I don’t agree. I think that if society carries on in the current fashion, if it doesn’t blow itself up, we will end up with an omnipotent global leftist State rule, like that described in Brave New World. And I think that world will be evil, no matter how comfortable and “fair” and egalitarian it might be.

The vast majority of creationists I know personally do not seek political power for the Church. There are some who do want the Church to control the state, but I see no evidence that they are the majority of creationists.
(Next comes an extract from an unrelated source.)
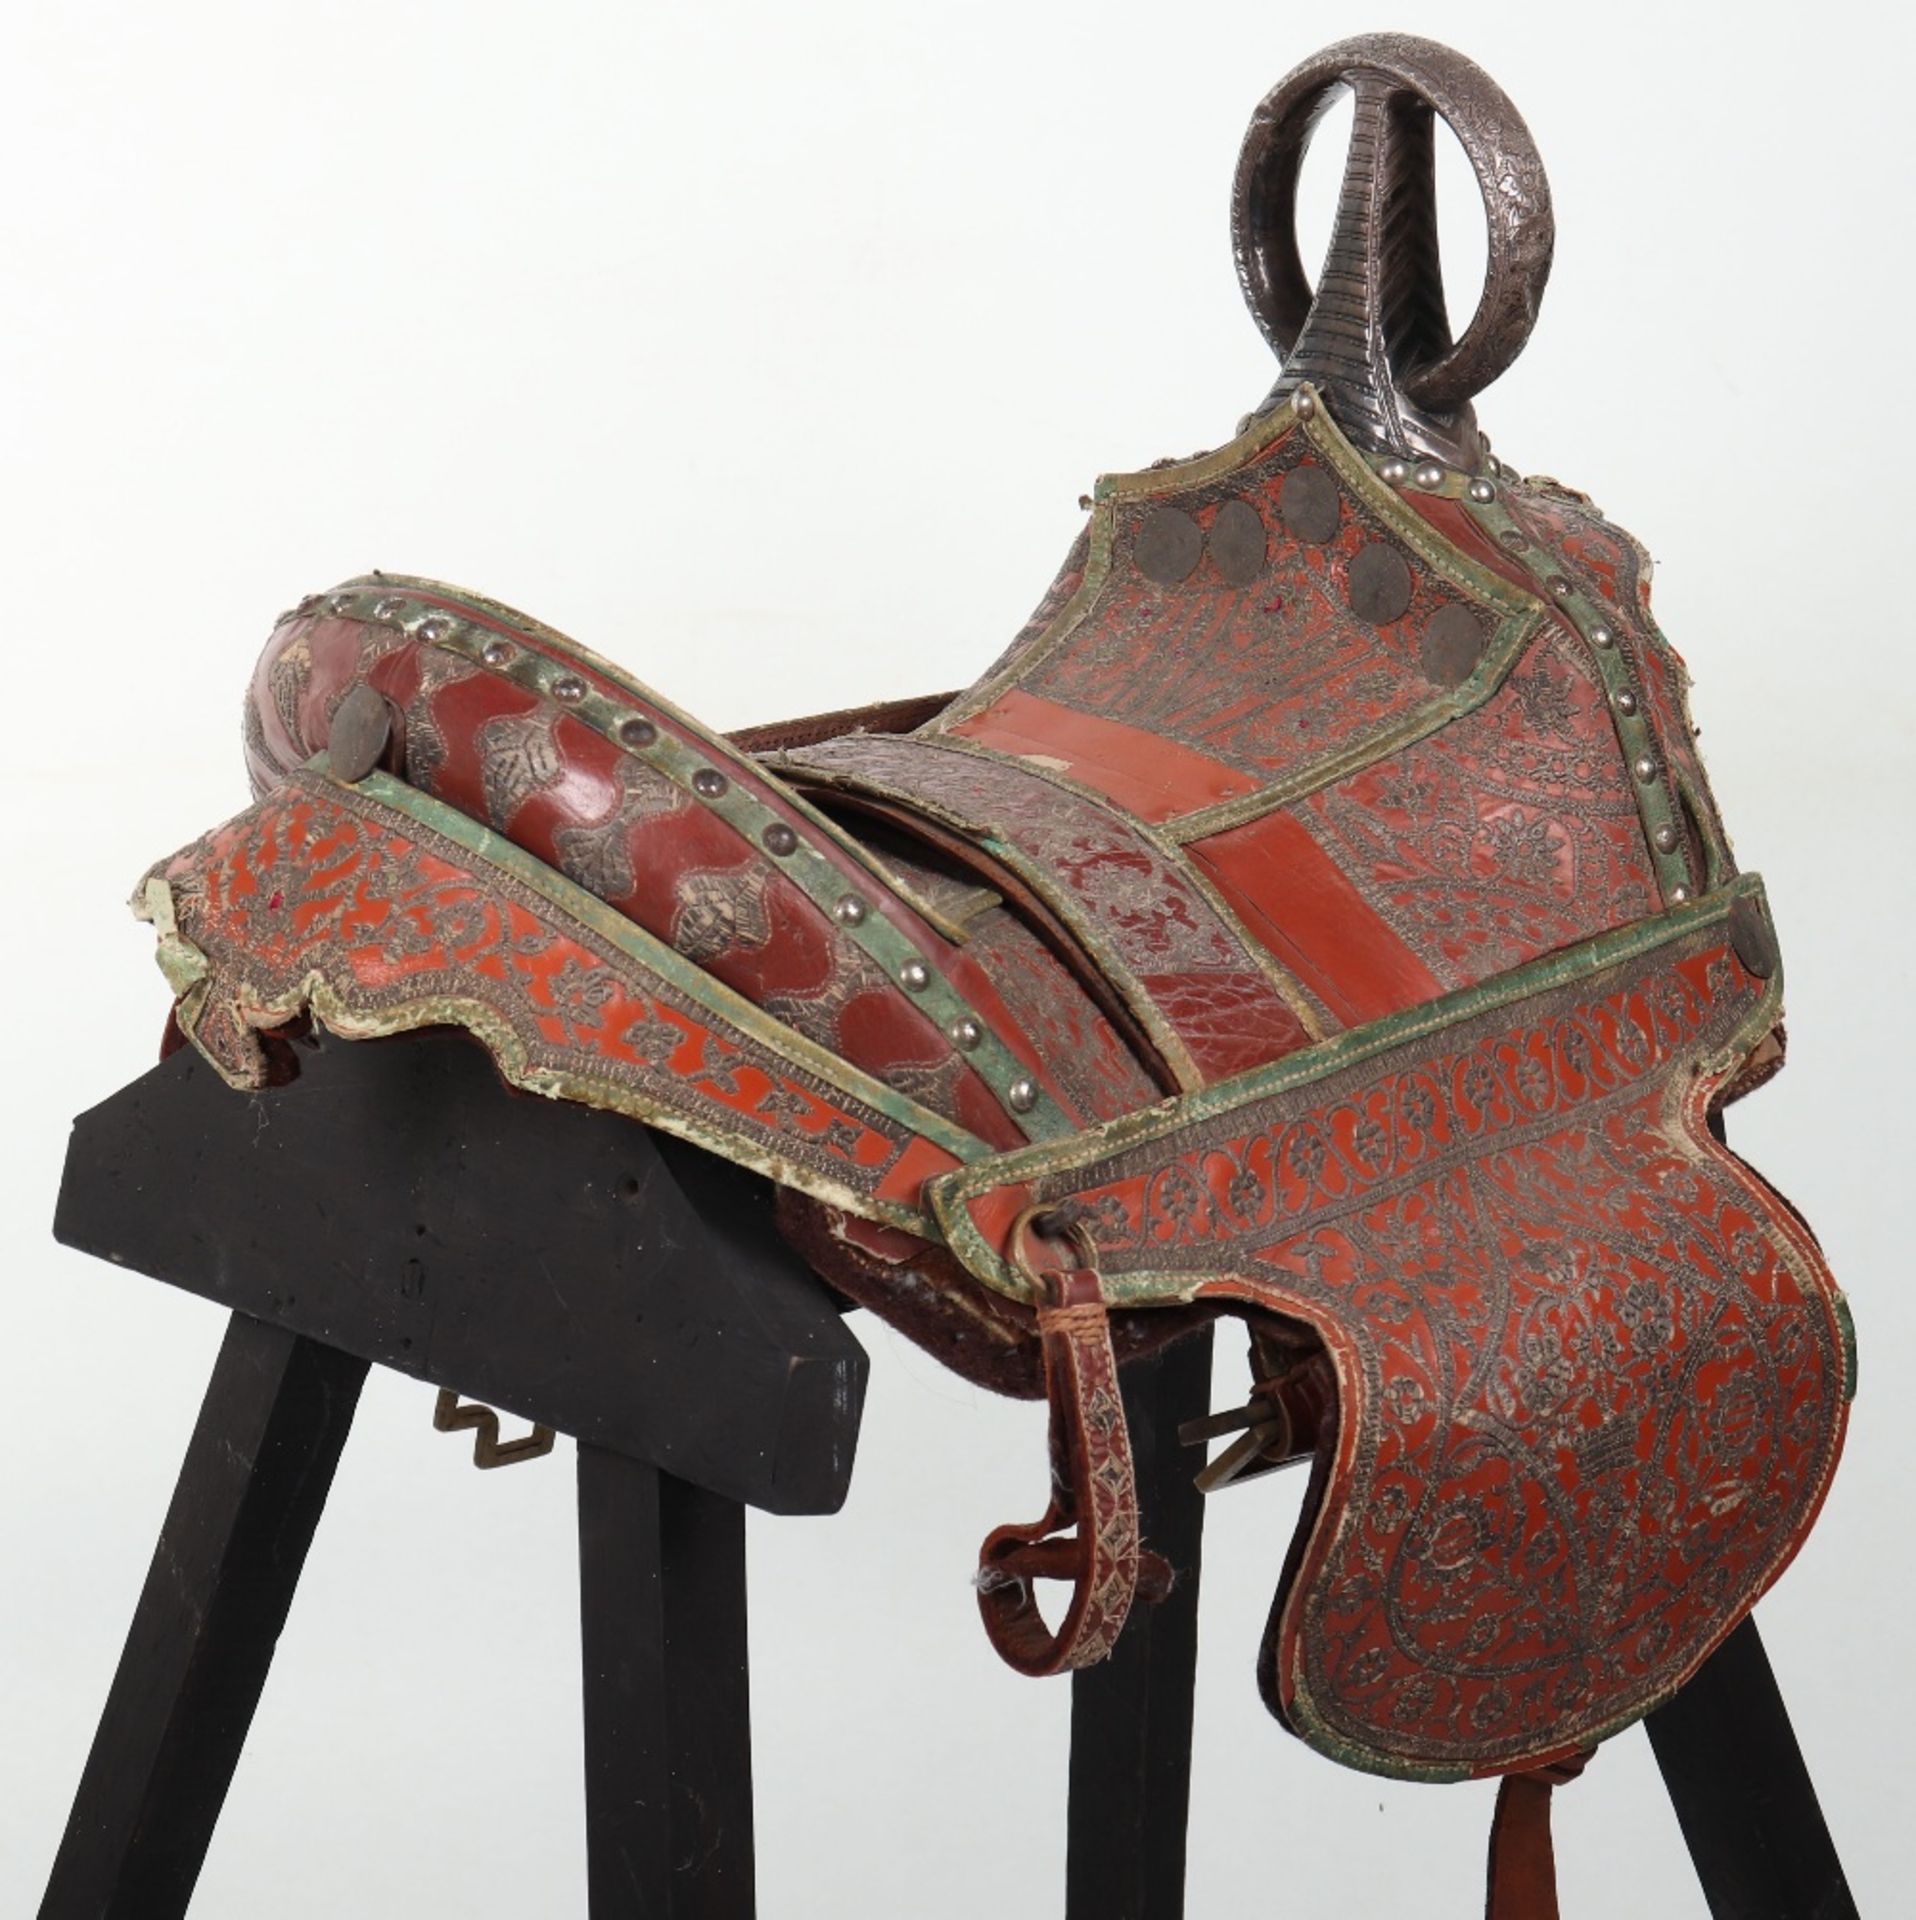 Fine and Scarce North Indian Saddle, Probably Late 19th or Early 20th Century - Image 9 of 12

What most creationists want is simply to opt out of compulsory evolution teaching in 9th-grade biology; or at least, if evolution is taught, to allow criticisms to be taught alongside it. And though they publish volumes of anti-evolution material, it is all on the free market, and is forced on no one, and is entirely subsidized by religious believers and book-buyers. I don’t have the slightest fear that any creationist will ever take away even the tiniest smidgen of my civil rights. And even if they wanted to, they would need Constitutional Amendments to do so, and they would never get enough votes. I can mock their reading of the Bible with impunity, I can watch Monty Python and the Holy Grail in any theater, and I can I thumb my nose at them freely, without the slightest fear that they can ever do anything to me in reprisal. What on earth are you worried about?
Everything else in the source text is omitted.